The quality of your life in 10 years will be determined by the decisions you make today.

But most people make decisions emotionally, then rationalise them logically afterward.

That’s why the same smart people keep making the same bad choices.

Buffett, Munger, Dalio… they all have systematic approaches to decisions.

They don’t trust their gut on big calls.
They trust their process.

Bad decisions compound just like good ones.
The problem is you usually don’t notice until years later.

To help, I put together a framework to think through major decisions more clearly.

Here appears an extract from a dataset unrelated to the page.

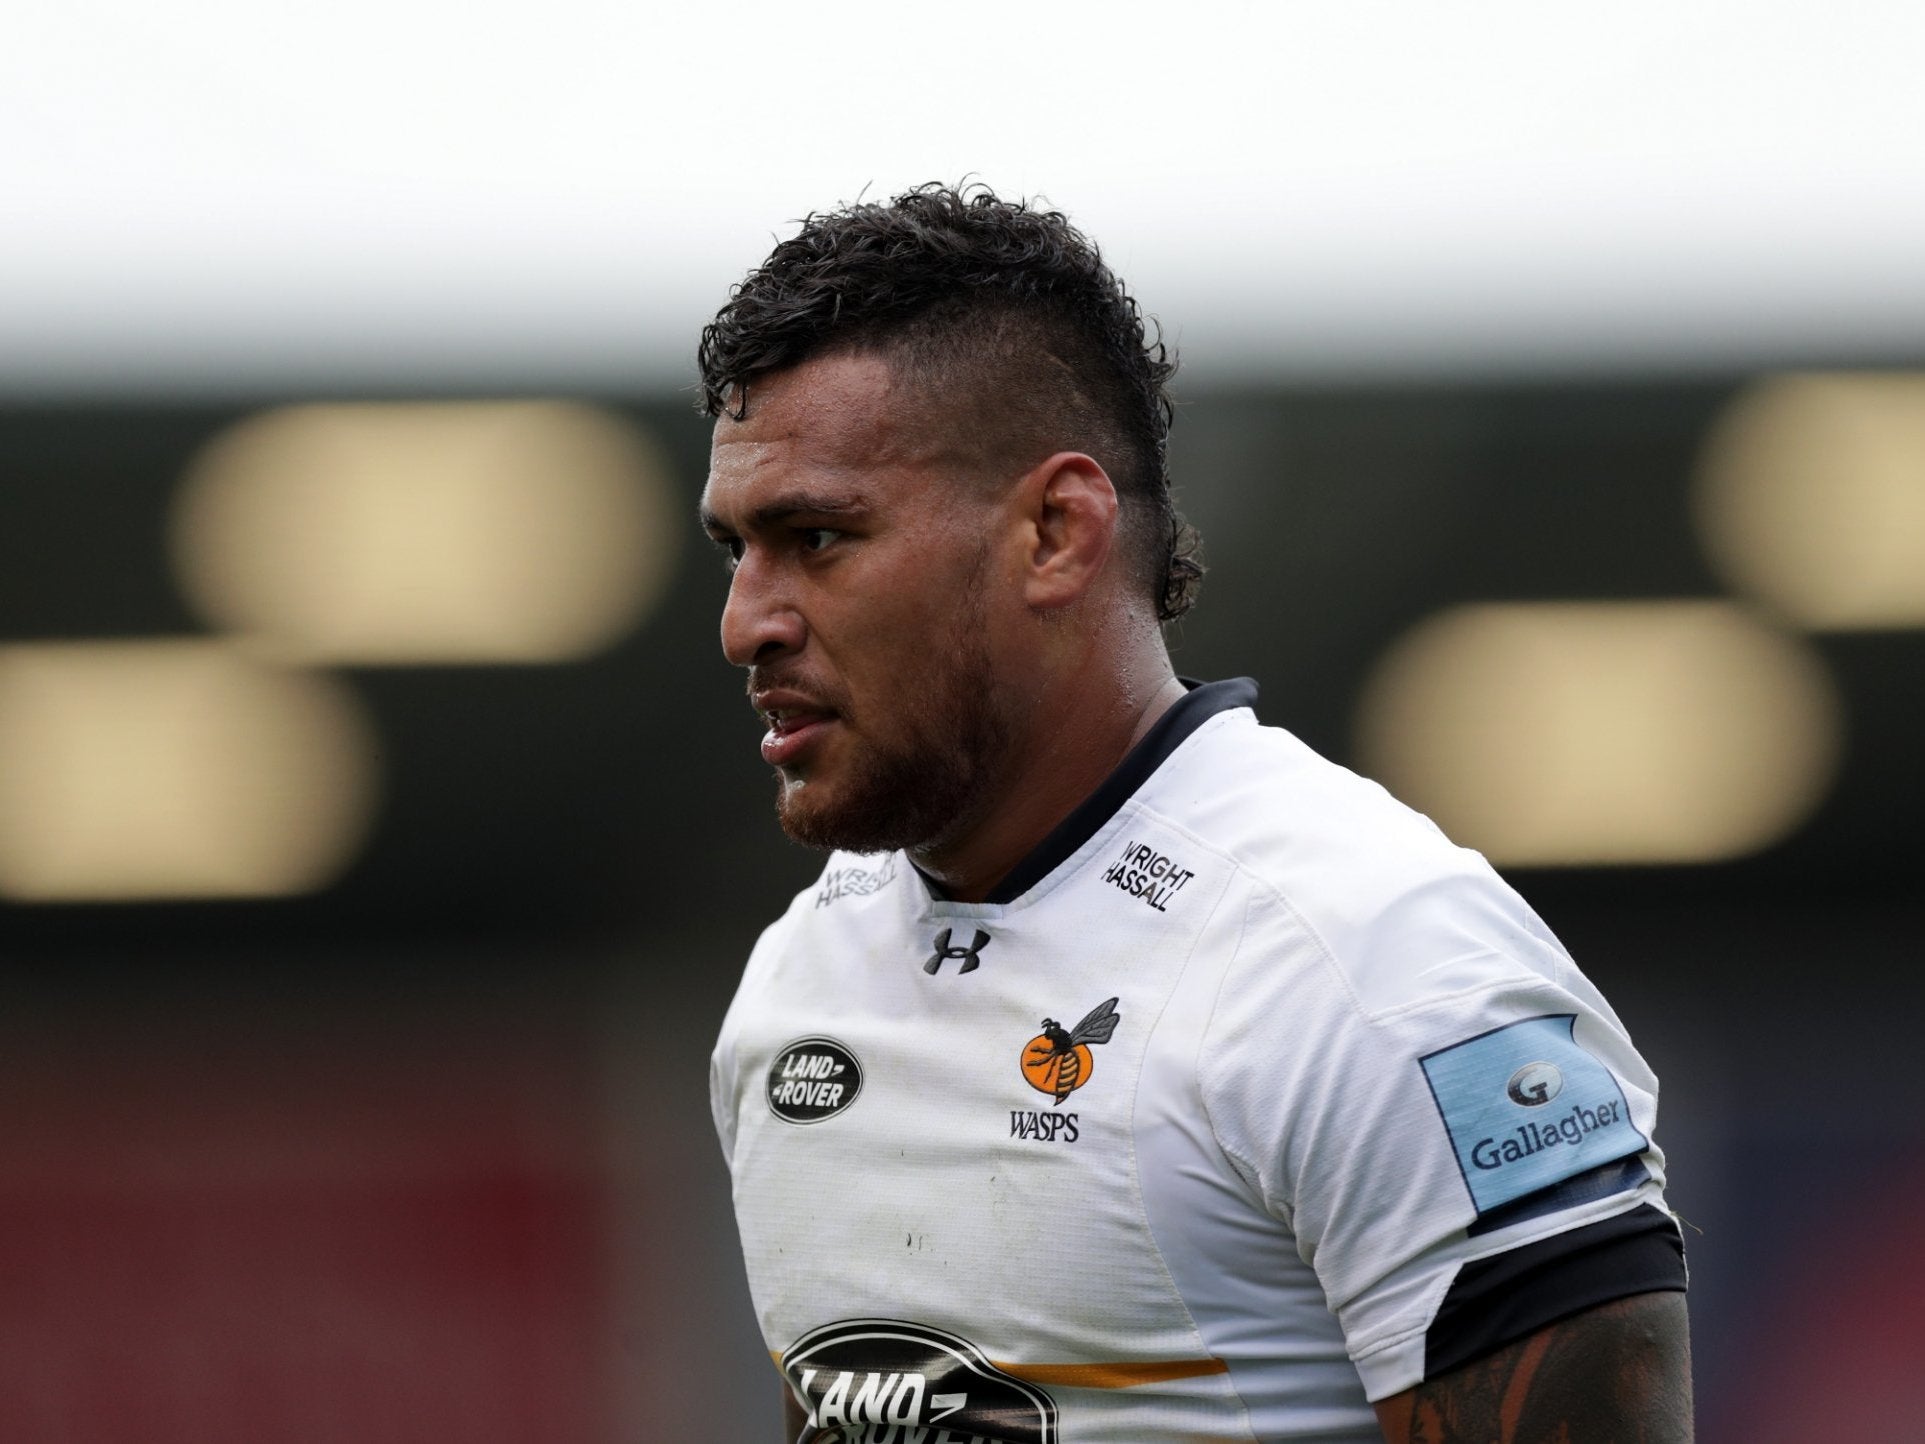 Nathan Hughes has been provisionally suspended after his disciplinary hearing was postponed
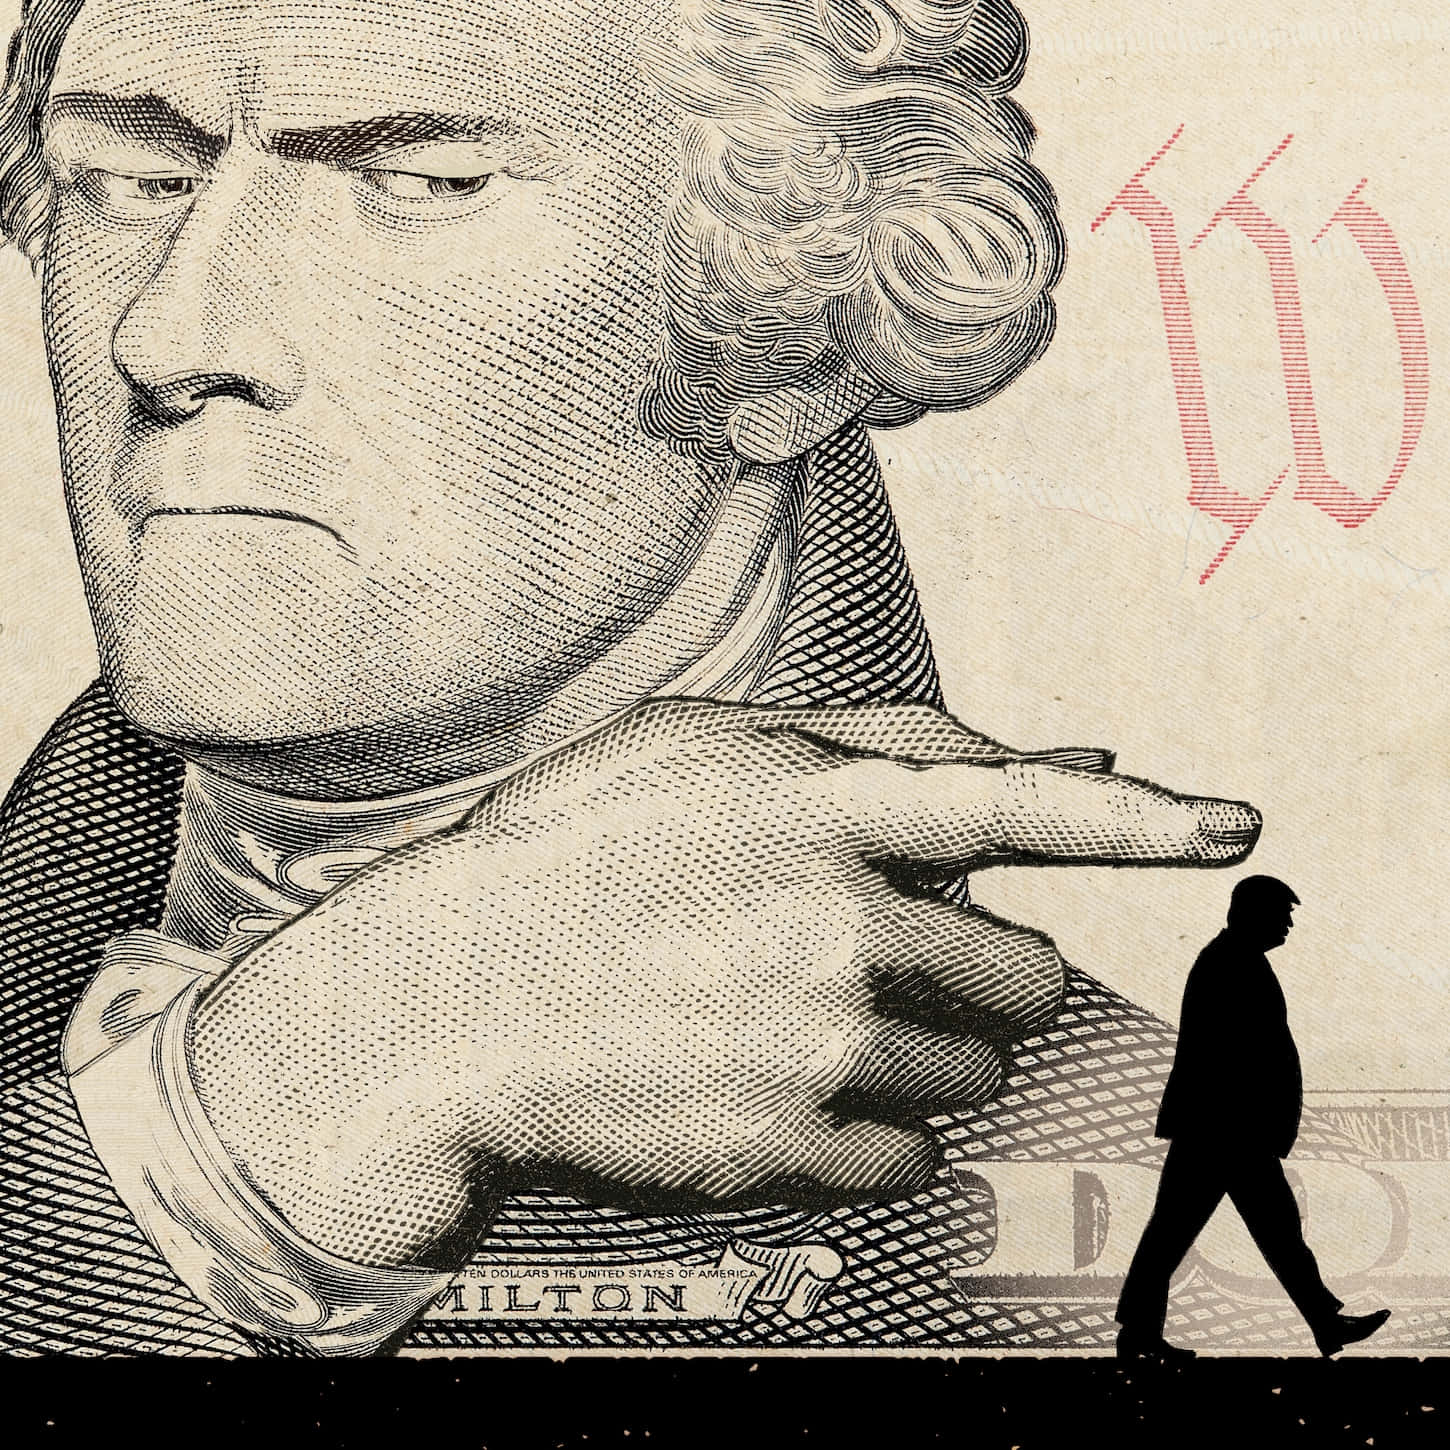 Alexander Hamilton - A Founding Father of the United States

It works for capital allocation, hiring, partnerships, or anything where the stakes are high enough to warrant slowing down:

D – Define the decision
↳ Write it down in one clear sentence. “Should I invest?” is too vague.
“Should I allocate £50K to this acquisition given my 3-year timeline?” is better.

E – Eliminate emotion
↳ Separate what you WANT to be true from what IS true.
↳ Ask yourself what you’d advise a friend to do in the same situation.

C – Consider the costs
↳ Every choice has a price, and it’s not just financial.
↳ Time, energy, relationships, optionality. What are you giving up by choosing this?

I – Investigate the data
↳ Actively look for information that contradicts your hypothesis.
↳ Ask what would have to be true for this to be a bad decision.

S – Separate reversible from irreversible
↳ Jeff Bezos calls these 1-way and 2-way doors.
↳ Reversible decisions should be made quickly. Irreversible ones deserve more time.

I – Invite perspective
↳ Talk to someone who’s made this decision before.
↳ Better yet, talk to someone who will disagree with you.

O – Outline the outcomes
↳ Best case, base case, worst case.
If you can’t survive the worst case, don’t make the decision. Redesign it.

N – Name your assumptions
↳ Every decision is a bet on the future. List what has to remain true for your decision to work.
↳ If you’re relying on multiple low-confidence assumptions, reconsider.

S – Set a decision date
↳ Decide when you’ll decide.
↳ Analysis paralysis is just a decision to not decide. Set a deadline and honour it.

The goal isn’t to be right 100% of the time.

It’s to have a process that improves your odds and helps you learn from the ones that don’t work out.

Writing down your decisions also creates accountability.

You can look back in a year and see whether your reasoning held up or whether you were fooling yourself.

Having a system won’t guarantee good outcomes…
But it will guarantee better thinking.